Ding. The forum messed up my formatting… :sweat_smile: I think I am closing in on the real problem.

What is the result of the following two queries?

dbname/id?rev=3-55fceee41ce7a6baa8069ba5e190c6e1&meta=true&revs=true
dbname/id?rev=2-cfb9c332abbdcd9d9cfd8d302a92a342&meta=true&revs=true

Both returned {“status”:404,“error”:“not_found”,“reason”:“missing”}… Do I need to substitute the id for the document ID?

Yes, you need to put it the actual ID of the document.

Node B

for dbname/id?rev=3-55fceee41ce7a6baa8069ba5e190c6e1&meta=true&revs=true

{"_id":"-AoWVxTpIuka3yvx36udp7g","_rev":“3-55fceee41ce7a6baa8069ba5e190c6e1”,"_deleted":true,"_revisions":{“start”:3,“ids”:[“55fceee41ce7a6baa8069ba5e190c6e1”]}}

for dbname/id?rev=2-cfb9c332abbdcd9d9cfd8d302a92a342&meta=true&revs=true
I got

{“Body”:“OurMessageBody”, “_id”:"-AoWVxTpIuka3yvx36udp7g","_rev":“2-cfb9c332abbdcd9d9cfd8d302a92a342”,"_revisions":{“start”:2,“ids”:[“cfb9c332abbdcd9d9cfd8d302a92a342”,“903b99929c1def2ac8937276a3d4c7f7”]}}

For Node A, It only found rev 3. There is no Rev 2 (404).

In that case Node A is causing the problem. That corresponds to what you showed me before (The revision history is being deleted). So what exactly is Node A doing? If it is just receiving a message and deleting it, it would only have 2 revisions. Something in the logic is causing a problem that results in the first two revisions being obliterated from the database.

Would Compact() remove previous revisions?

All the app does is, we receives a message, the app stores it in to CB Lite and mark it as “staged” by setting a property on the document. Then the system process it. If the system processed it successfully, we set the property on the document to be “valid”. Then an external system reads all “valid” messages via calling a end point on our app; read the message and then tell our system to delete it after read.

Also, if the rev associated with Delete was replicated from Node A to Node B, wouldn’t CB lite on Node B update the doc’s revision to be 3-xxxx (delete)?

Compact() only removes previous revisions if the previous revision count exceeds the MaxRevTreeDepth property (default 20). Otherwise it just sets the previous revision bodies to null and deletes unused attachments.

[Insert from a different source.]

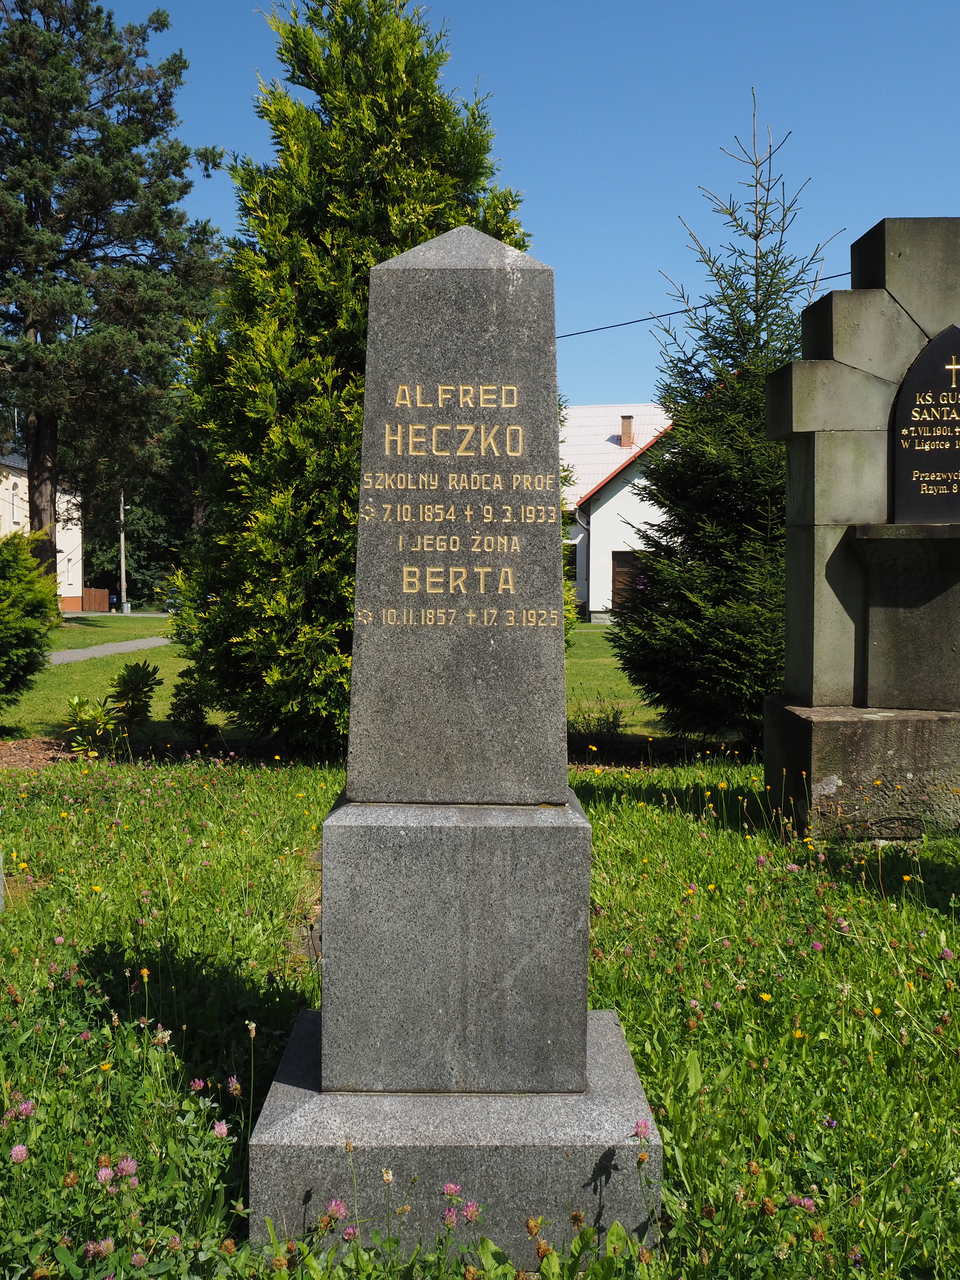 Tombstone of Alfred and Berta Heczko, cemetery in Ligotka Kameralna, 2022
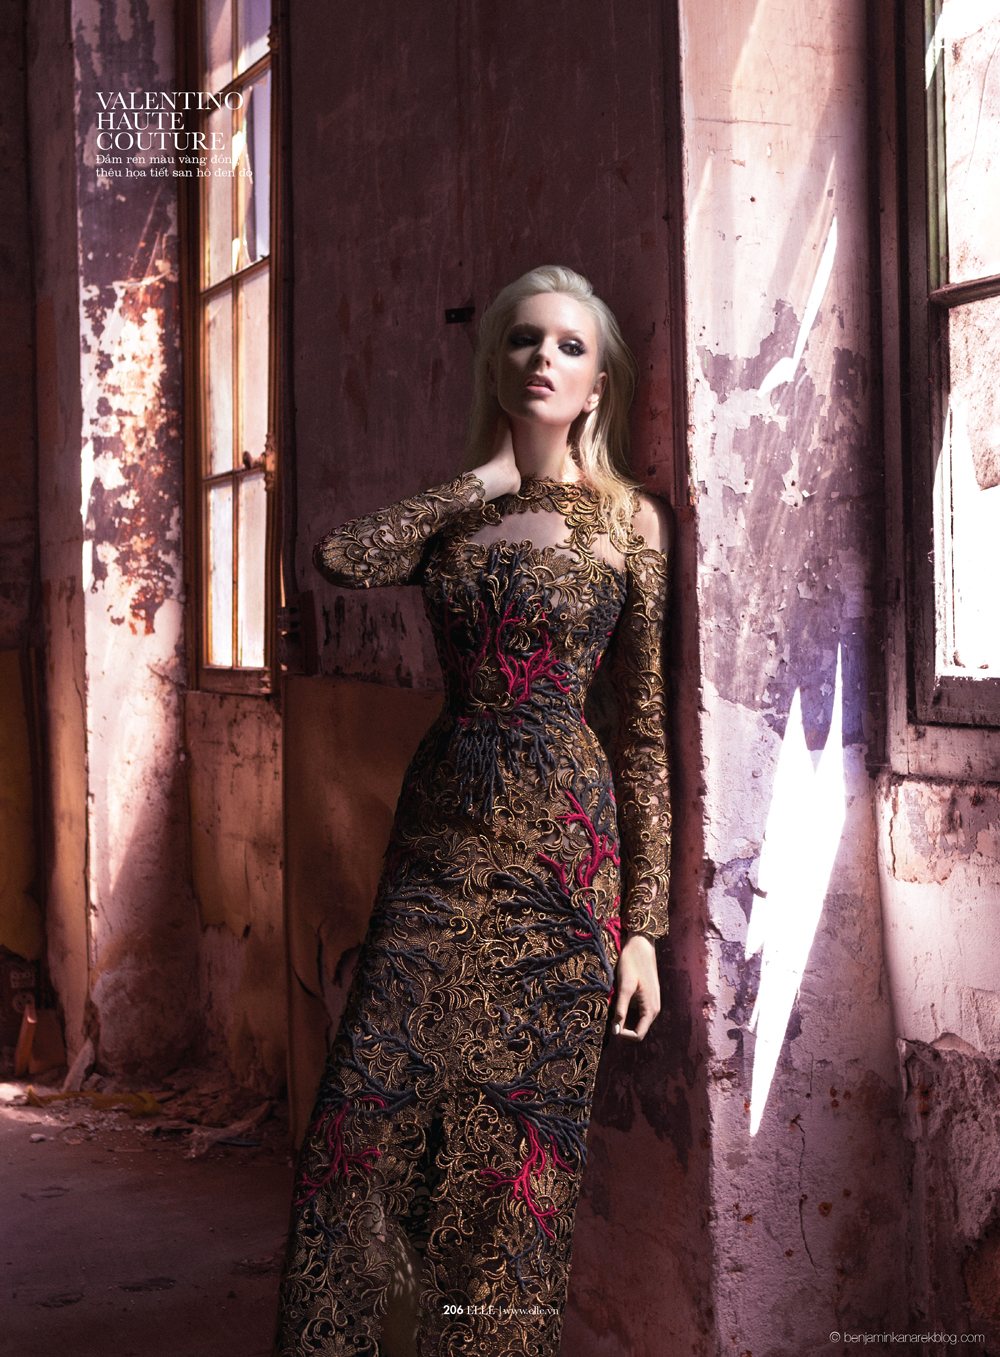 Chrystal Copland in Valentino Haute Couture © Benjamin Kanarek

This is what I would expect, but your Node B is storing two different documents with the same ID (which is a big problem and I am trying to weed out the cause). One is with the first two revisions as its history, and one is only with the third (delete). On Node A, it looks like the same situation was happening except that the document with the first two revisions was deleted and only the document with the delete (and no history before that) is left. In correct operation, there should only be 1 document with 3 revisions, not one with 2 and one with 1.

Is this scenario reproducible every time? Or did it only happen with one document? If possible, I’d like a set of steps like “create a document, edit it this way, then delete” so that I can try to see what is going on.

I am not sure I got this part… So you are saying at one stage there were two documents in the docs table had the same document id? Or there were two sets of revision records created for the same document?

I had a look of the DB on Node A with sqlite tools. Node B is not compacted so the revision is huge.

Node A
Docs:
21|-AoWVxTpIuka3yvx36udp7g I am assuming 21 would be the internal Id used on revision table…

Revisions:
22|6|3-603488f7609859b95978b5569dbd4949|21|1|1|{}|1| // not sure if related…
80|21|3-55fceee41ce7a6baa8069ba5e190c6e1||1|1|{}|1|
88|21|1-903b99929c1def2ac8937276a3d4c7f7||0|0||1|
89|21|2-cfb9c332abbdcd9d9cfd8d302a92a342|88|0|0||1|

Interesting how delete actually has a lower sequence number than the two changes… but again, those two changes could have been replicated back from Node B?

Would you like me to run the same check on Node B? I can compact the db and then query it…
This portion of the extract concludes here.